Transcribe the listing word for word, beginning at its first line and ending at the line containing "Best PTE Coaching in Kalyan & Dombivali"; omit the pictures.

========

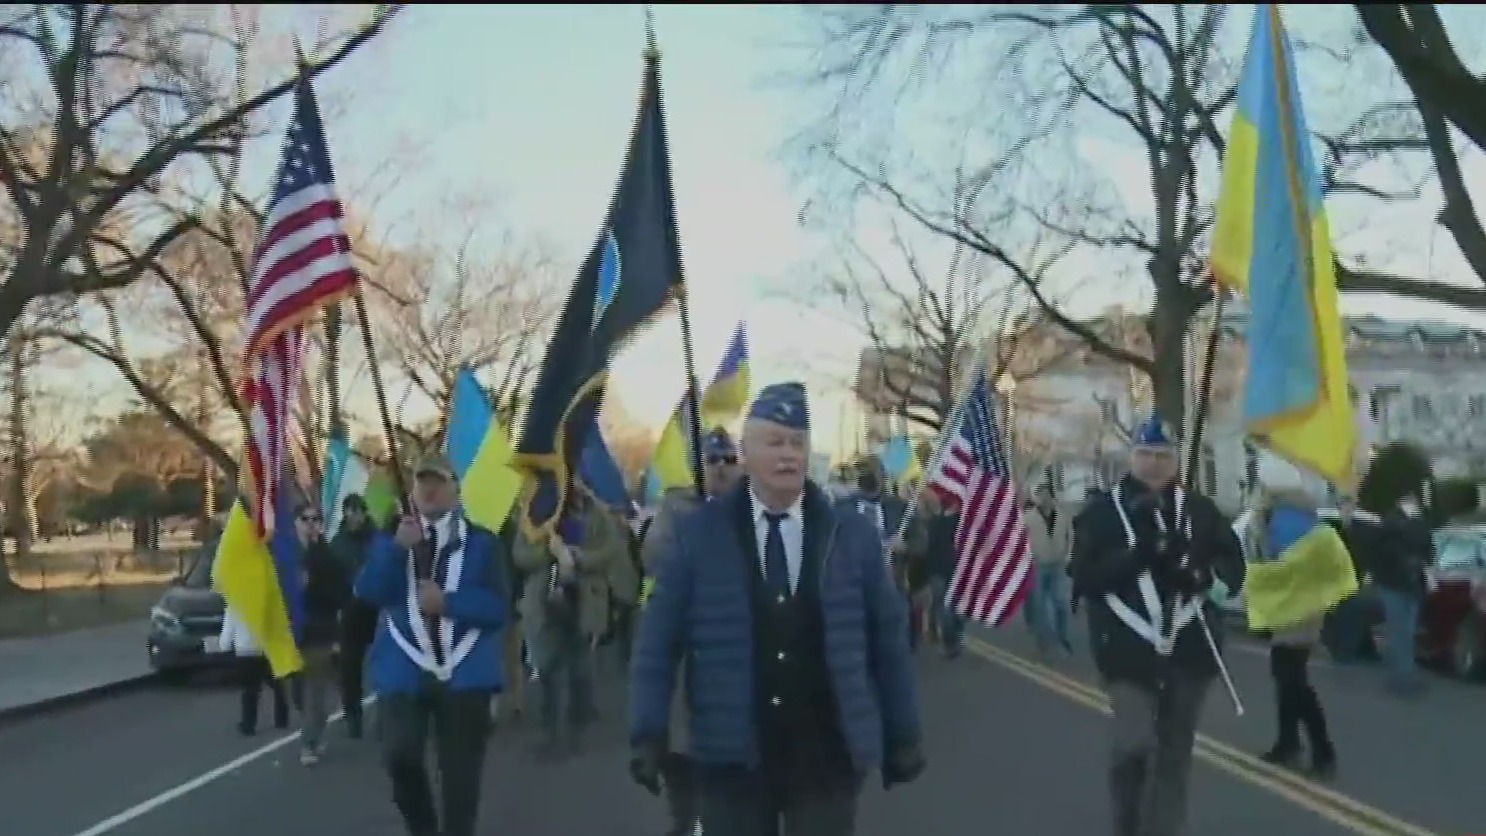 marchan en eeuu a favor de ucrania por posible invasion rusa
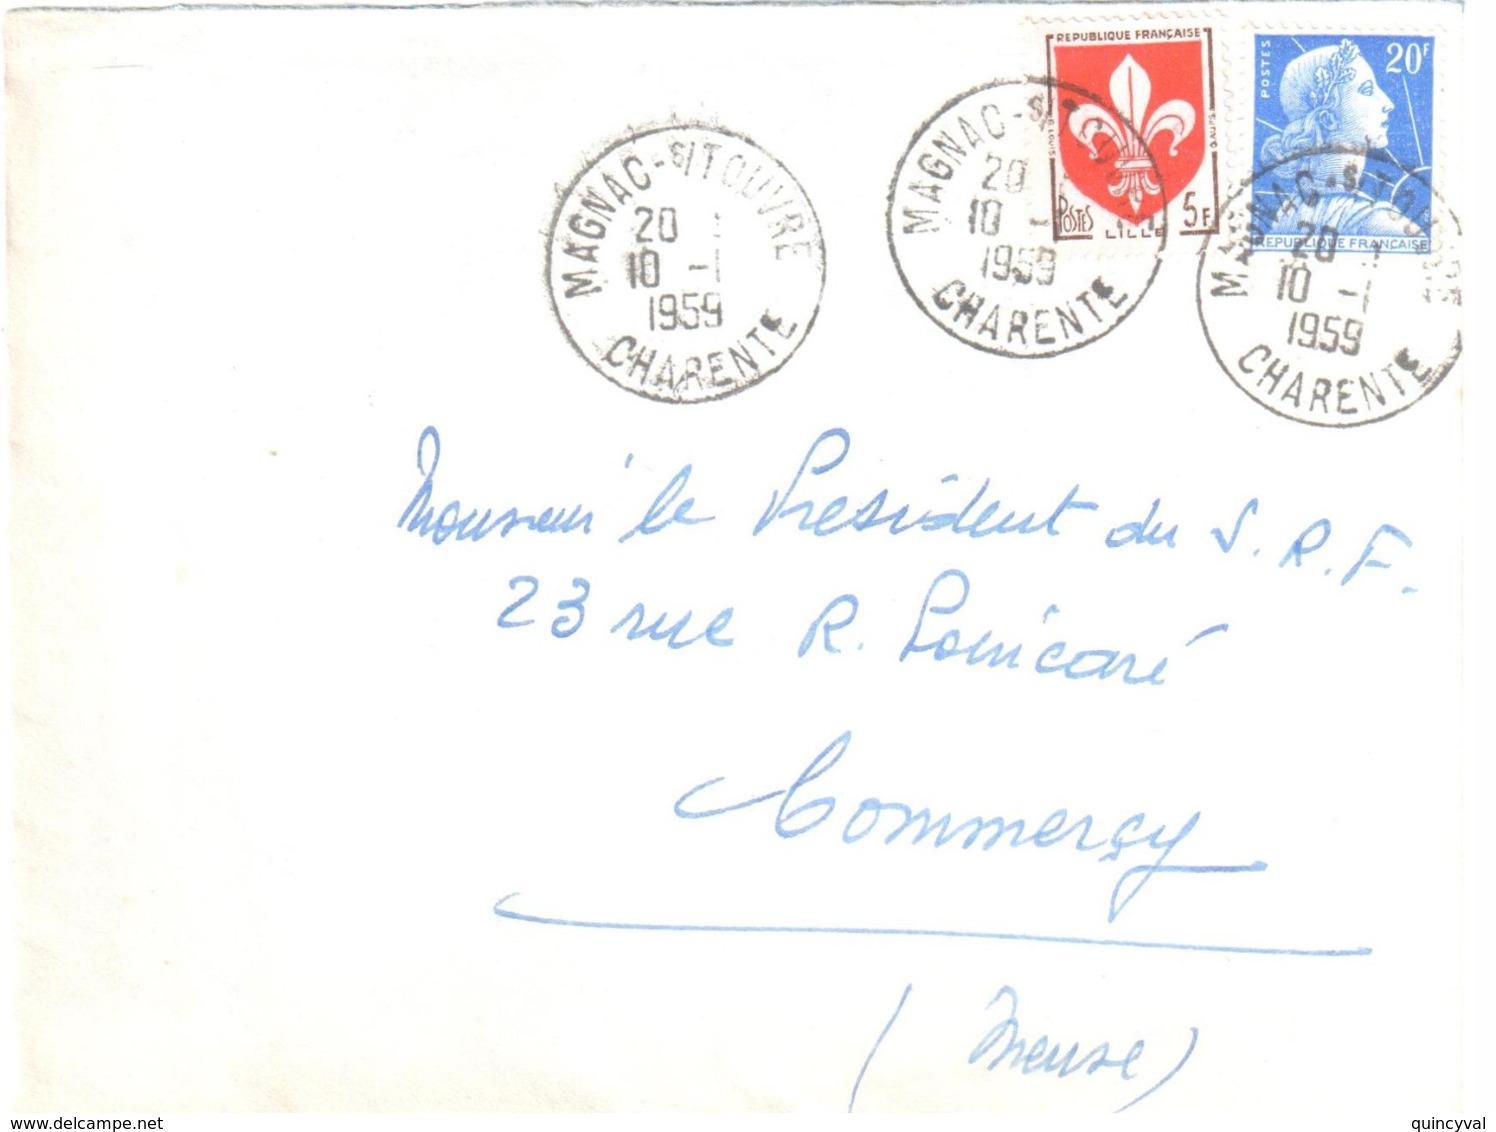 MAGNAC Sur TOUVRE Charente Lettre 20 F Muller 5 F Blason Lille Yv 1011B 1186 Ob 10 1 1959 Dest Commercy Meuse - Lettres & Documents
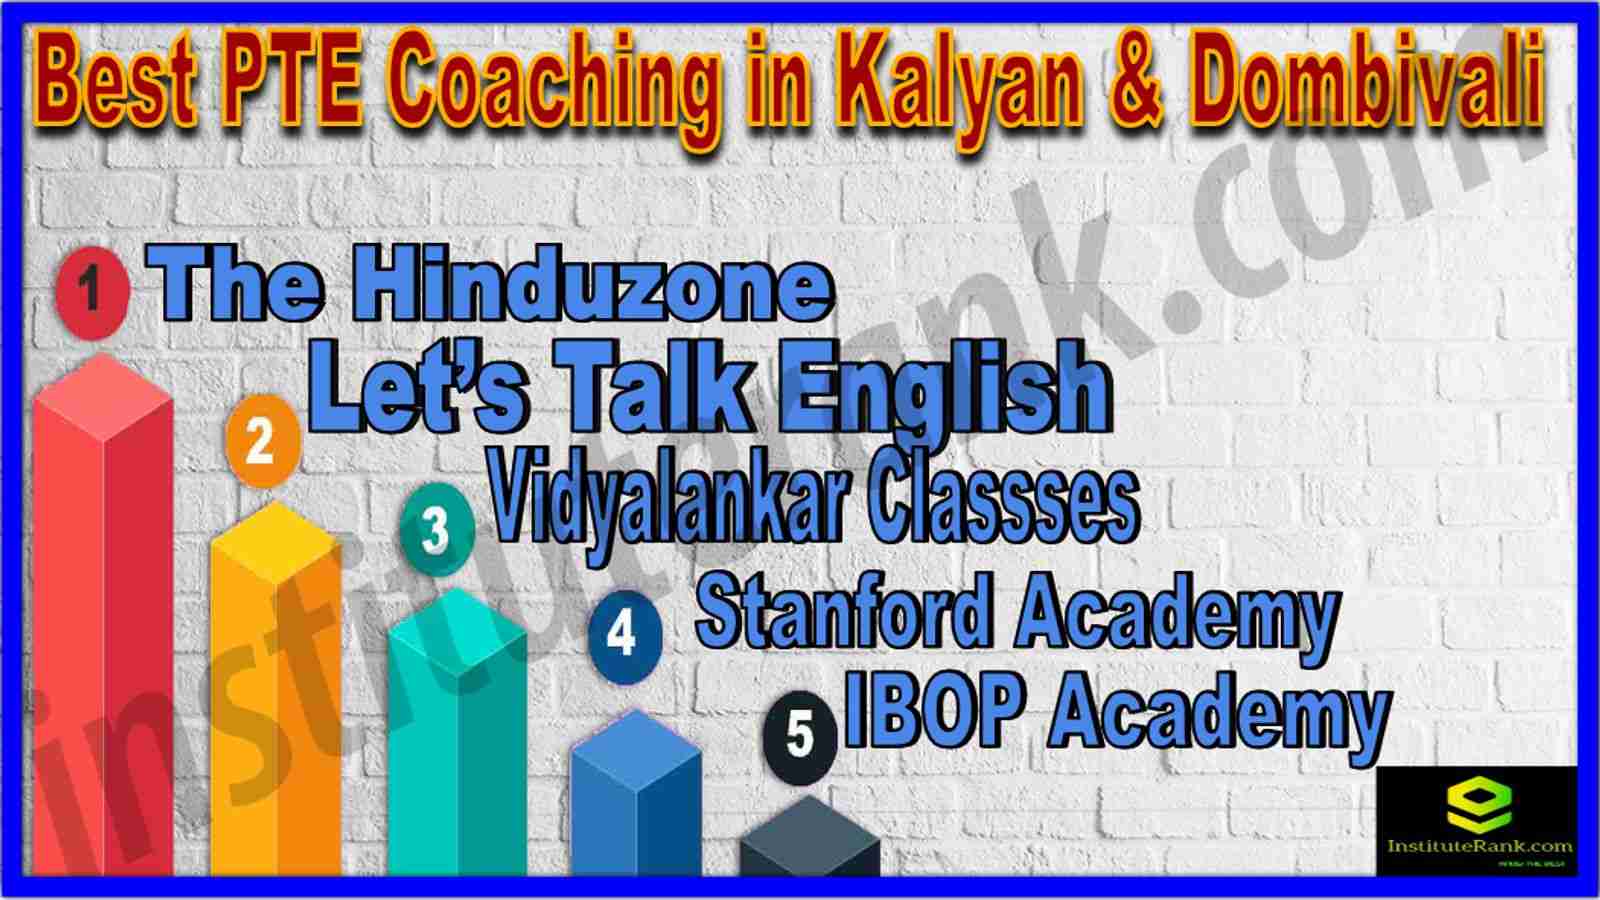 Best PTE Coaching in Kalyan & Dombivali
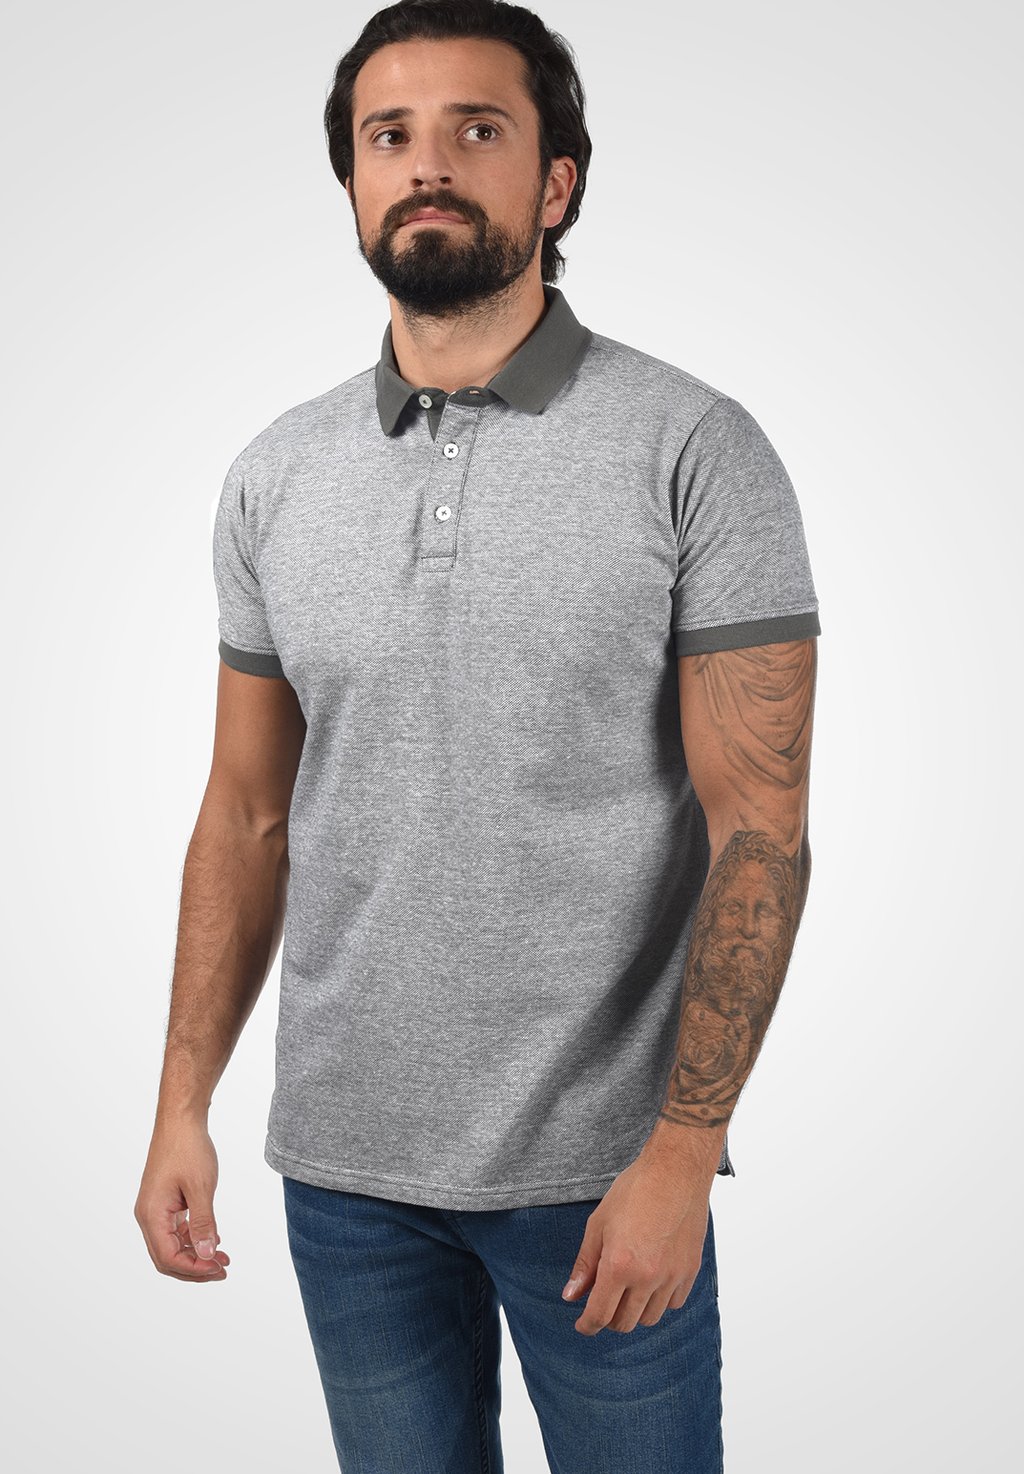 футболка с принтом original tee peak performance цвет med grey melange black Рубашка-поло PANOS Solid, цвет med grey melange
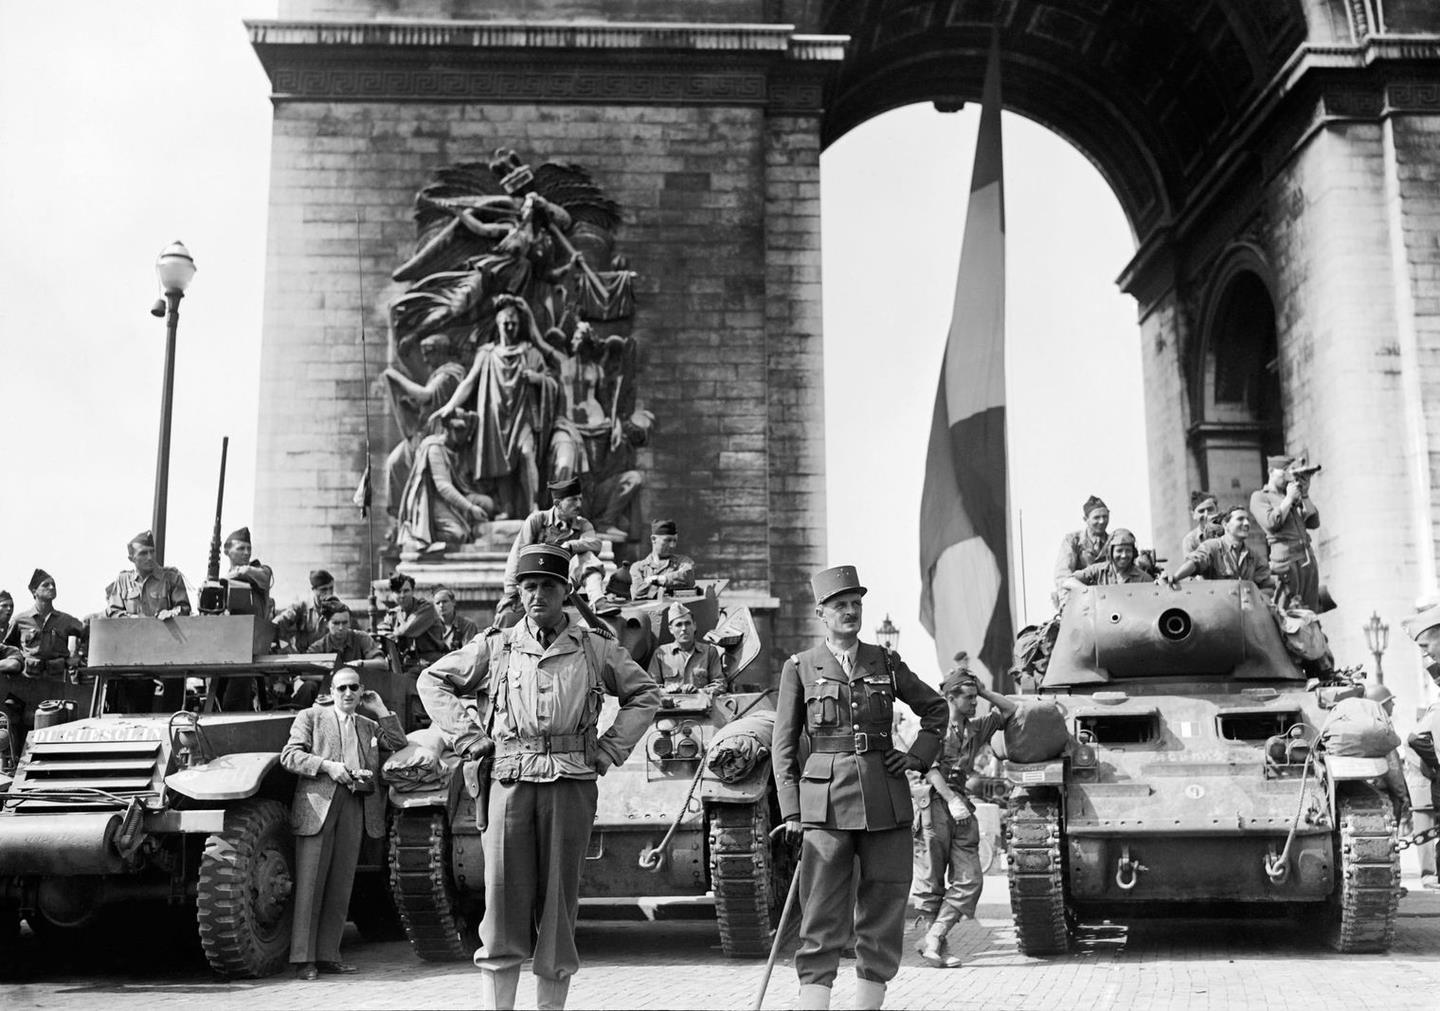 париж в 1945 году

========

OUTPUT OF THE TASK:
 marchan en eeuu a favor de ucrania por posible invasion rusa
 MAGNAC Sur TOUVRE Charente Lettre 20 F Muller 5 F Blason Lille Yv 1011B 1186 Ob 10 1 1959 Dest Commercy Meuse - Lettres & Documents
 Best PTE Coaching in Kalyan & Dombivali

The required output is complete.